**Exercise details**.
In the data below, reproduce everything exactly except the images.
___ Available data ___
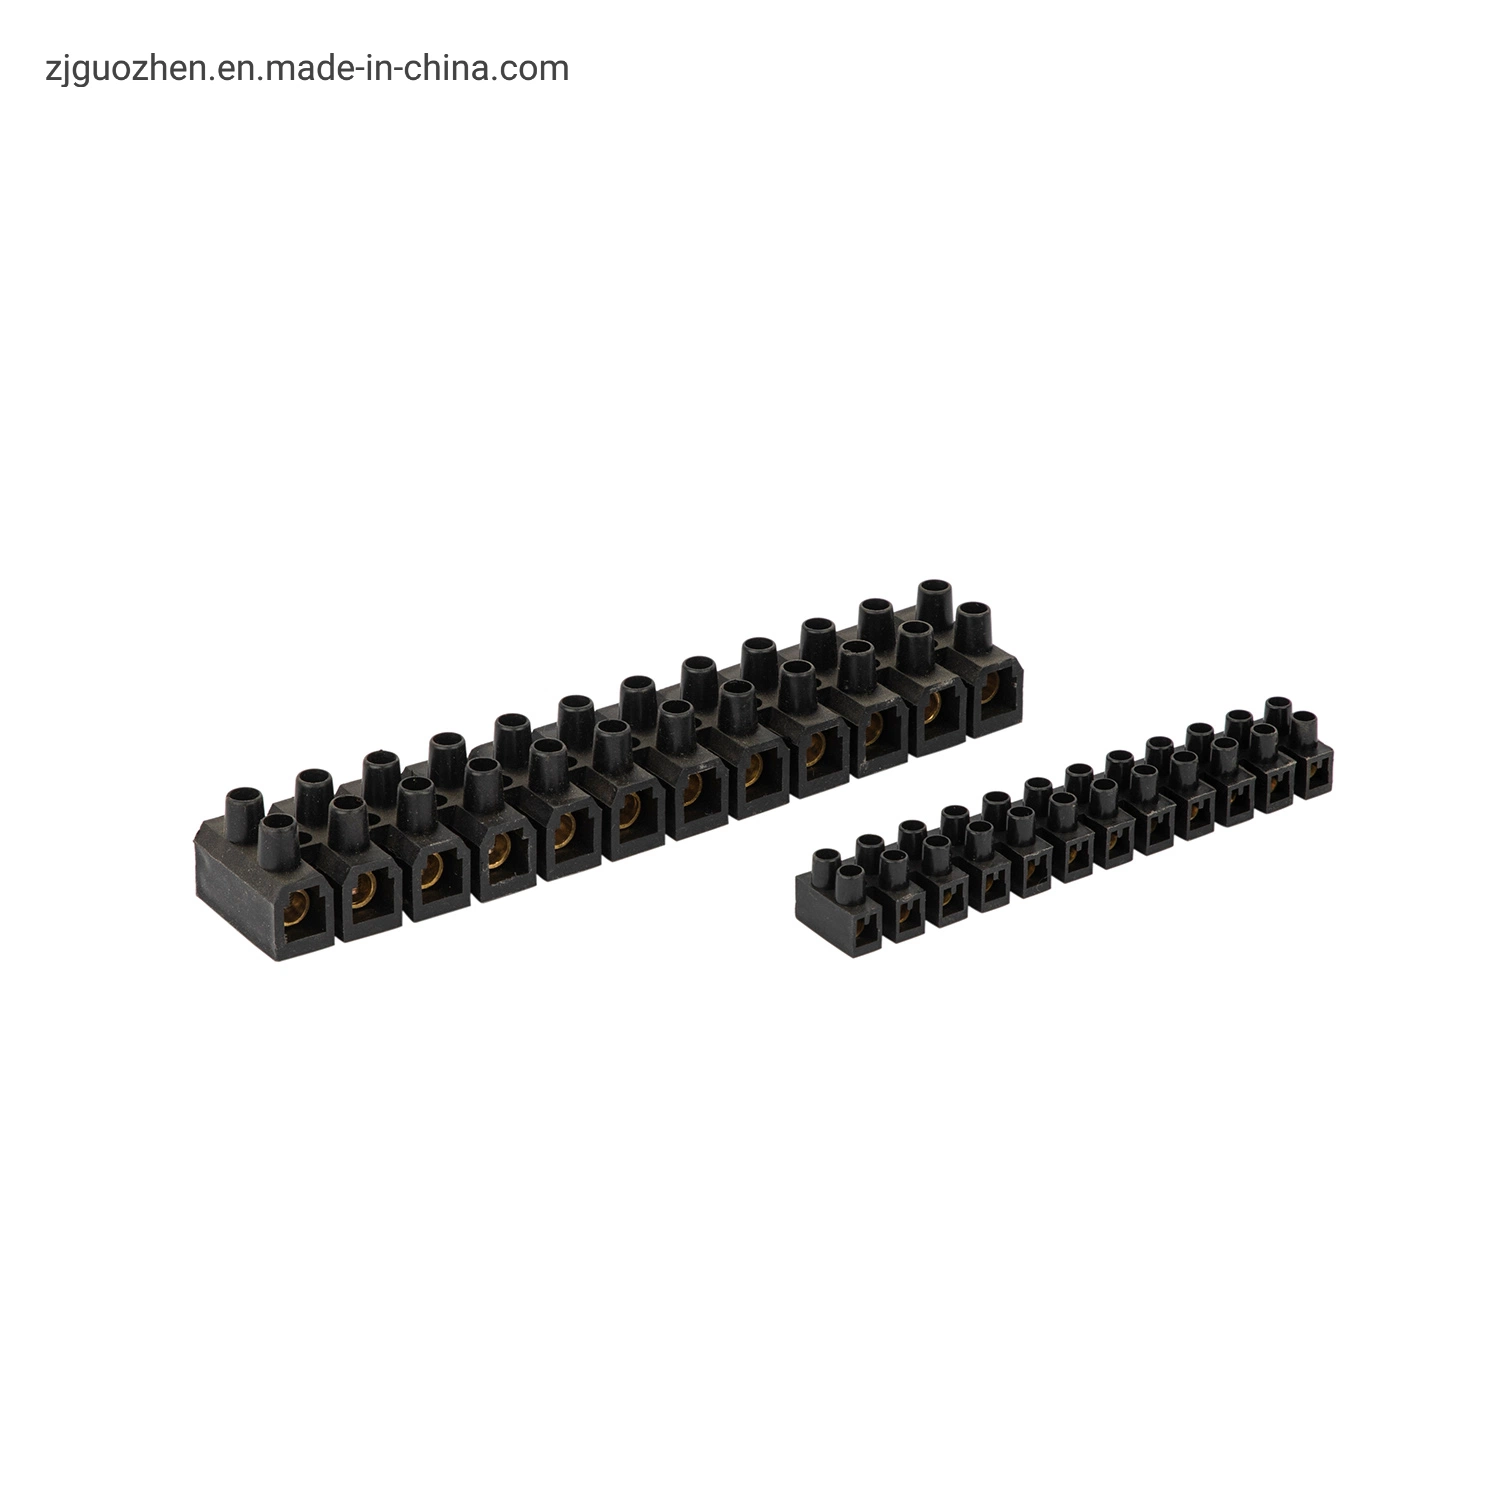 High Quality Male and Female Plug Gable Connector PCB Terminal Block
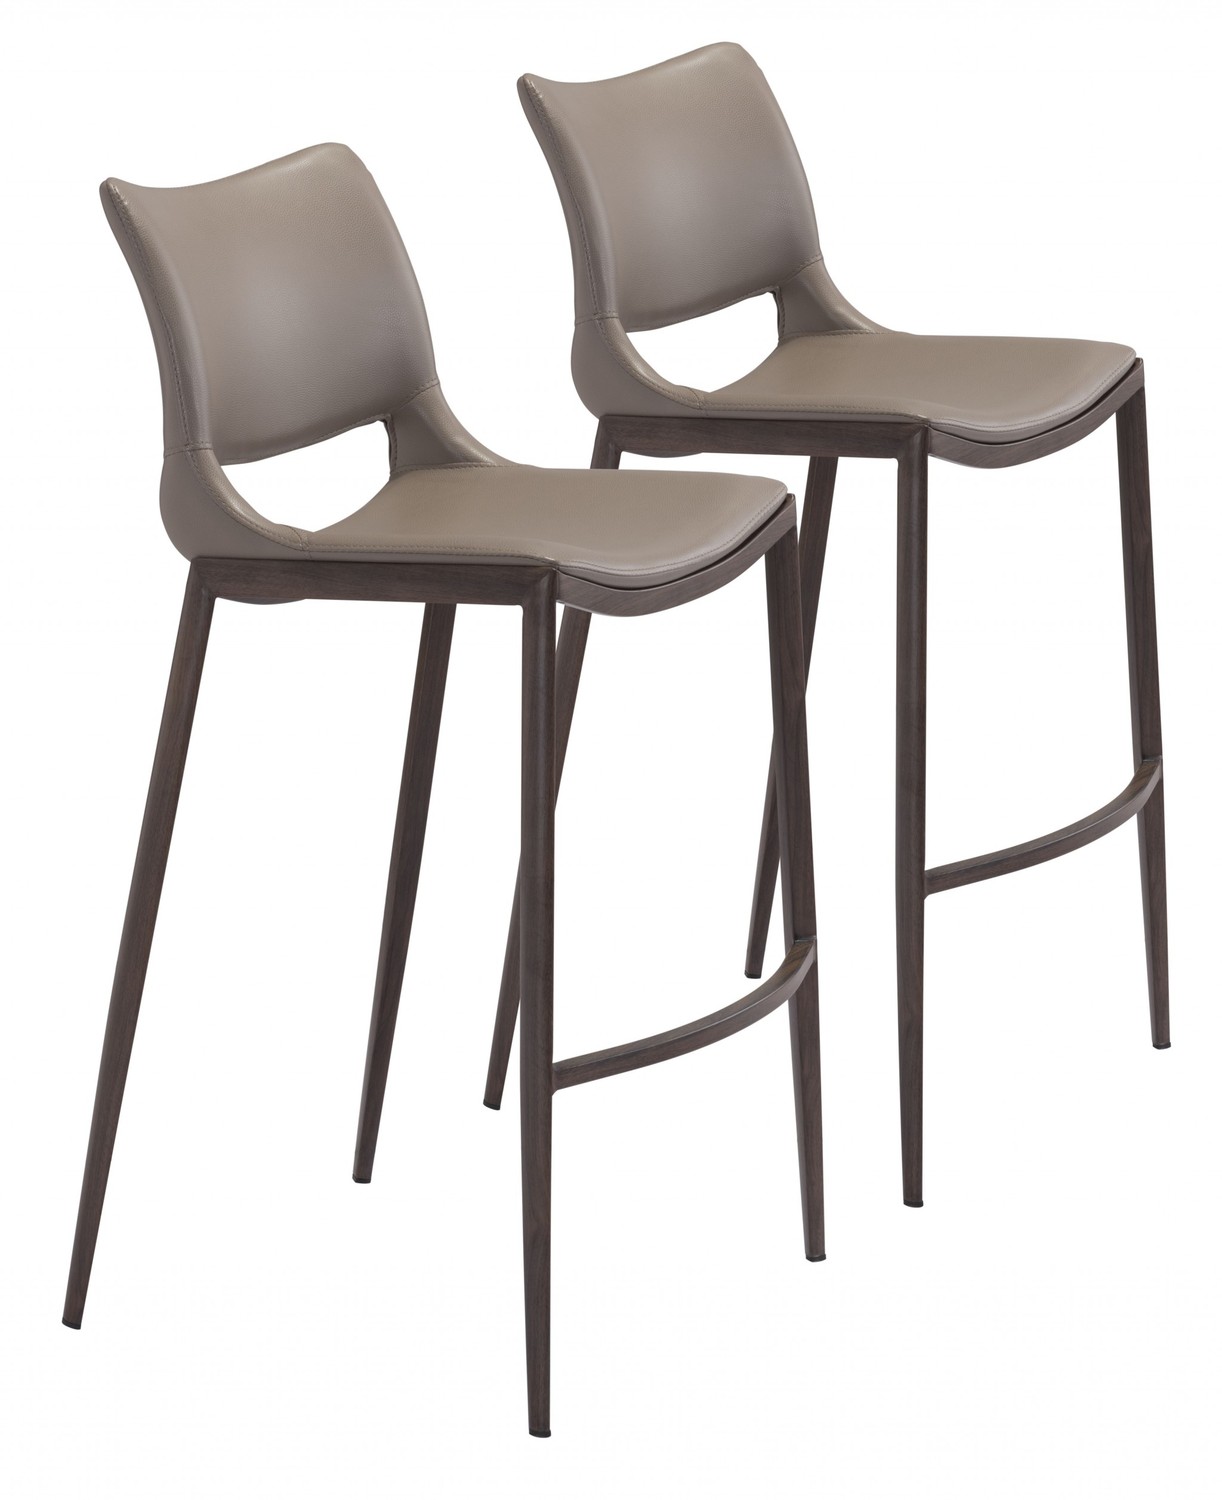 Set of Two Gray Faux Leather and Espresso Mod Ergo Bar Chairs
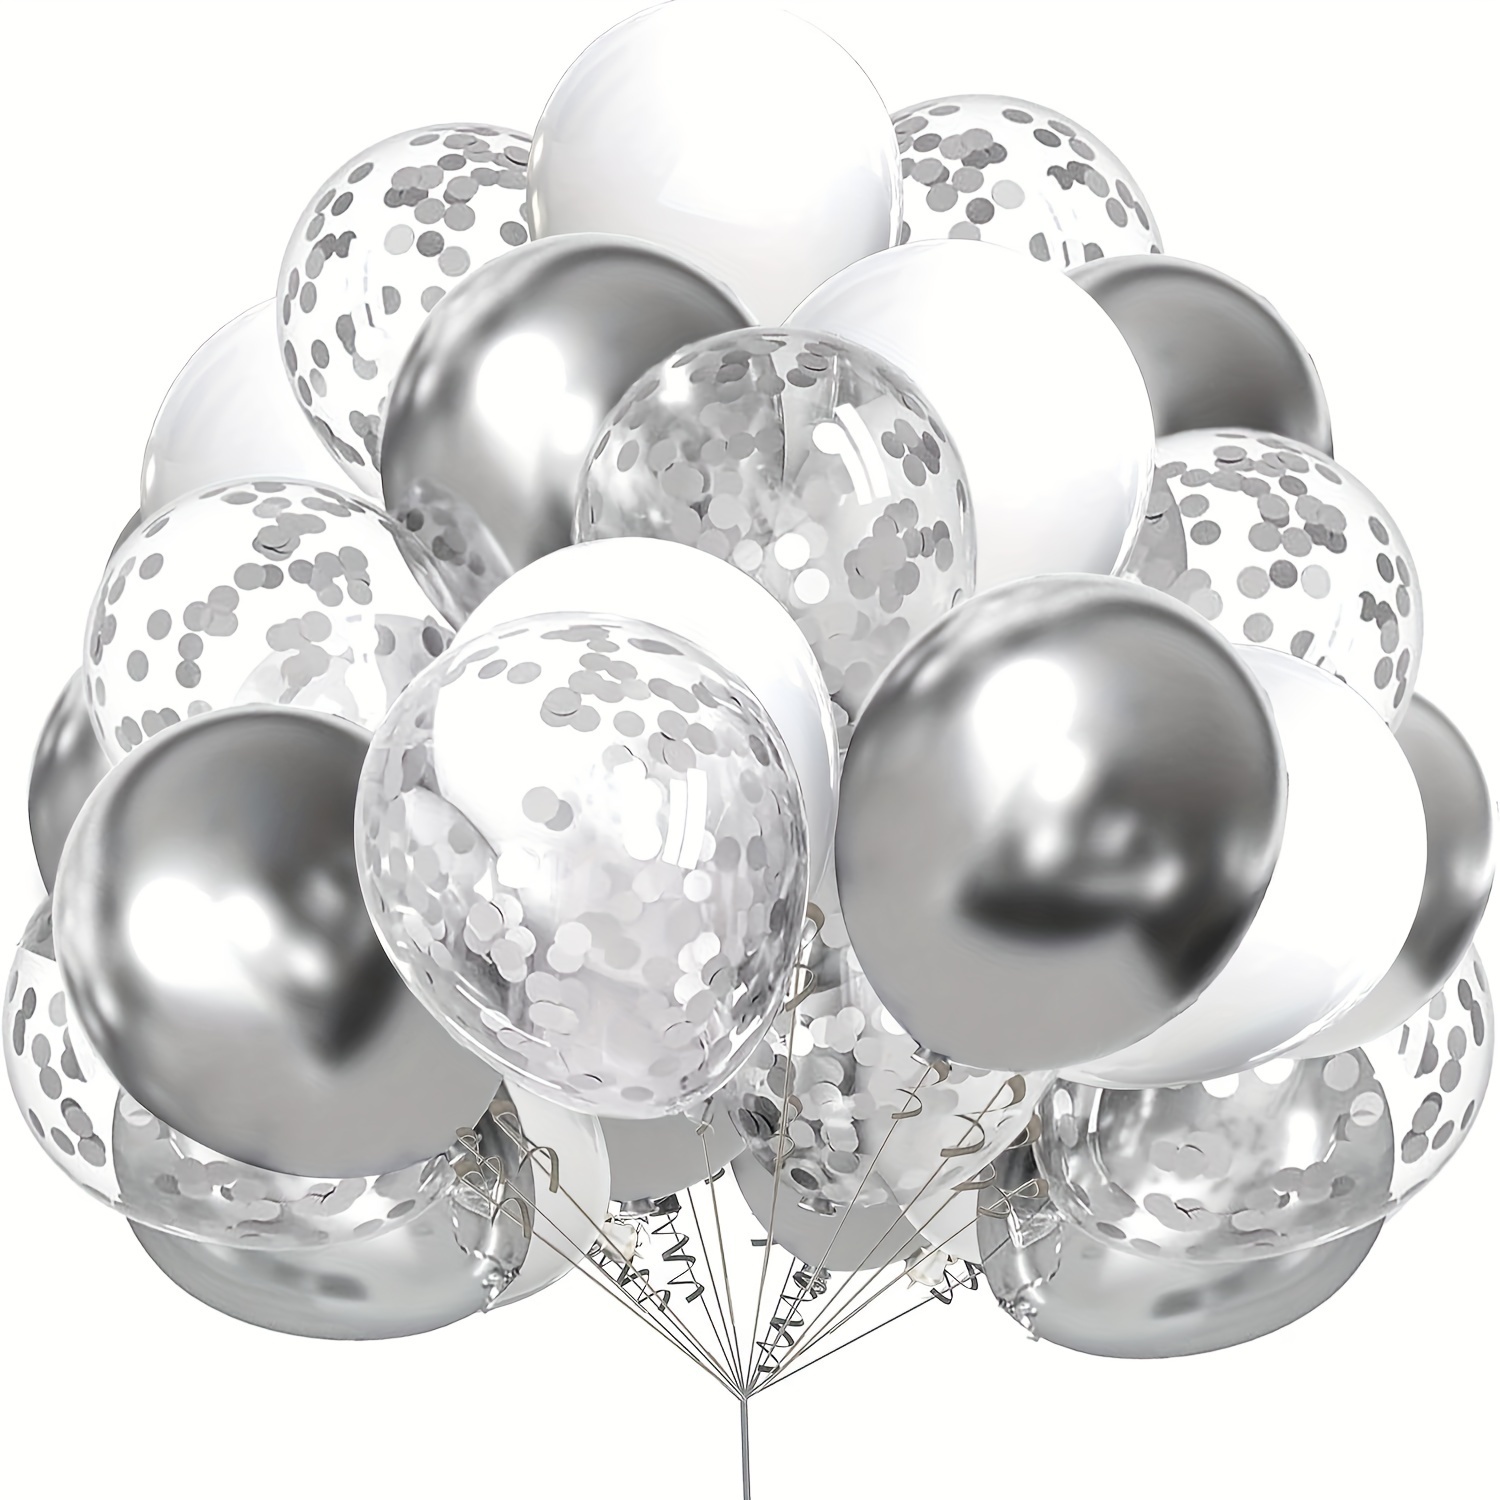 

30pcs-metal Silvery Balloons And Confetti Balloons Large Thickened Helium Latex Balloons With Silvery Ribbon, Suitable For Birthday Graduation Wedding Party Decoration Eid Al-adha Mubarak
___
**Task output**.
 High Quality Male and Female Plug Gable Connector PCB Terminal Block
 Set of Two Gray Faux Leather and Espresso Mod Ergo Bar Chairs

30pcs-metal Silvery Balloons And Confetti Balloons Large Thickened Helium Latex Balloons With Silvery Ribbon, Suitable For Birthday Graduation Wedding Party Decoration Eid Al-adha Mubarak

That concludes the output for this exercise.